Nacido en Fuenteguinaldo (provincia de Salamanca y diócesis de Ciudad Rodrigo) en 1934, hijo de campesinos. Hizo sus estudios en la escuela de su pueblo, el Seminario de Ciudad Rodrigo y la Universidad Pontificia de Salamanca, por la que es licenciado en Teología y en Derecho Canónico. Ordenado sacerdote en 1958, de 1960 a 1972 fue coadjutor y capellán de los inmigrantes españoles en varias diócesis alemanas, además de realizar los cursos de doctorado en Teología en la Universidad de Tubinga.
 
De 1972 a 1980 fue el delegado para los capellanes españoles en Alemania, con residencia en Bonn.
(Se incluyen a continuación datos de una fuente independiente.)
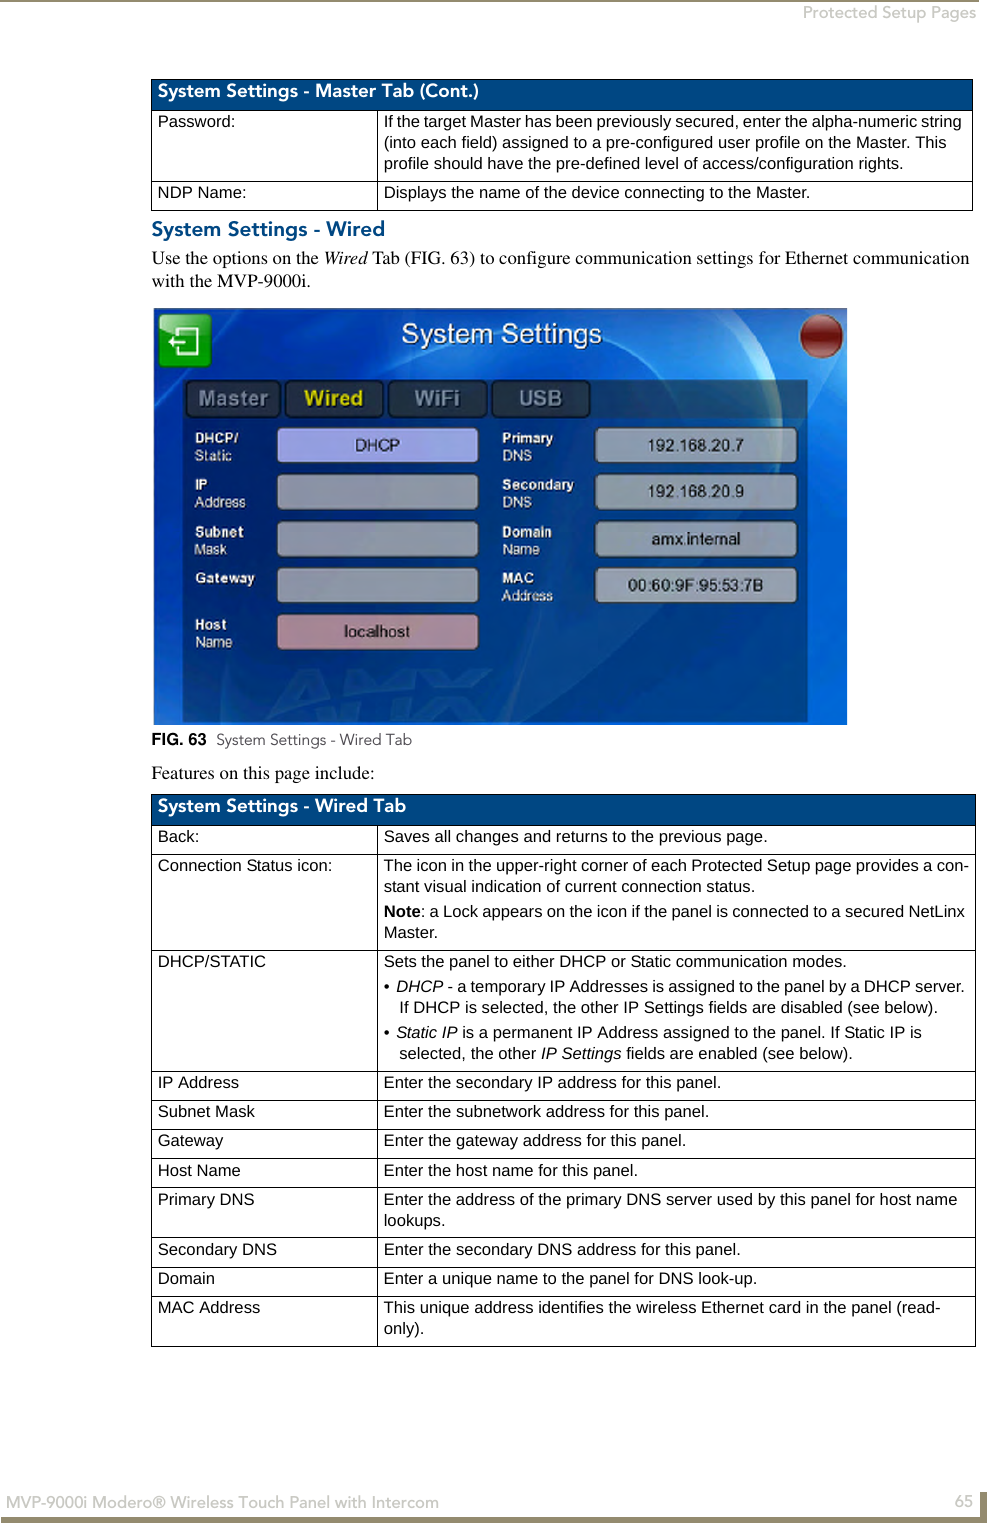 Protected Setup Pages65MVP-9000i Modero® Wireless Touch Panel with IntercomSystem Settings - WiredUse the options on the Wired Tab (FIG. 63) to configure communication settings for Ethernet communication with the MVP-9000i. Features on this page include:  System Settings - Master Tab (Cont.)Password: If the target Master has been previously secured, enter the alpha-numeric string (into each field) assigned to a pre-configured user profile on the Master. This profile should have the pre-defined level of access/configuration rights.NDP Name: Displays the name of the device connecting to the Master.FIG. 63  System Settings - Wired TabSystem Settings - Wired TabBack: Saves all changes and returns to the previous page.Connection Status icon: The icon in the upper-right corner of each Protected Setup page provides a con-stant visual indication of current connection status.Note: a Lock appears on the icon if the panel is connected to a secured NetLinx Master.DHCP/STATIC Sets the panel to either DHCP or Static communication modes. •DHCP - a temporary IP Addresses is assigned to the panel by a DHCP server. If DHCP is selected, the other IP Settings fields are disabled (see below).•Static IP is a permanent IP Address assigned to the panel. If Static IP is selected, the other IP Settings fields are enabled (see below).IP Address Enter the secondary IP address for this panel.Subnet Mask Enter the subnetwork address for this panel.Gateway Enter the gateway address for this panel.Host Name Enter the host name for this panel.Primary DNS Enter the address of the primary DNS server used by this panel for host name lookups.Secondary DNS Enter the secondary DNS address for this panel.Domain Enter a unique name to the panel for DNS look-up.MAC Address This unique address identifies the wireless Ethernet card in the panel (read-only).

En este tiempo participó como miembro del Sínodo de las Diócesis Alemanas de la República Federal. En 1980 fue nombrado por Juan Pablo II obispo auxiliar de Oviedo, ministerio que desempeñó hasta 1991, año en el que pasó a pastorear la diócesis de Sigüenza-Guadalajara, de la que es obispo en la actualidad.
 
Desde 1980, año de su regreso a España, es miembro de la Comisión Episcopal de Migraciones, organismo de la Conferencia Episcopal Española (CEE) que presidió de 1988 a 1993, y que ahora preside desde 2005. Fue Secretario General de la CEE entre 1993 y 1998. Juan Pablo II lo nombró miembro del Pontificio Consejo para las Migraciones en 1995. Y desde el año 2006 es el presidente de la Comisión “Pastoral de las Migraciones” del Consejo de Conferencias Episcopales de Europa.
 
En la CEE también ha sido presidente de la Comisión Episcopal de Medios de Comunicación Social, de 1999 a 2005, y ha sido miembro del Pontificio Consejo de las Comunicaciones Sociales de 1999 a 2009.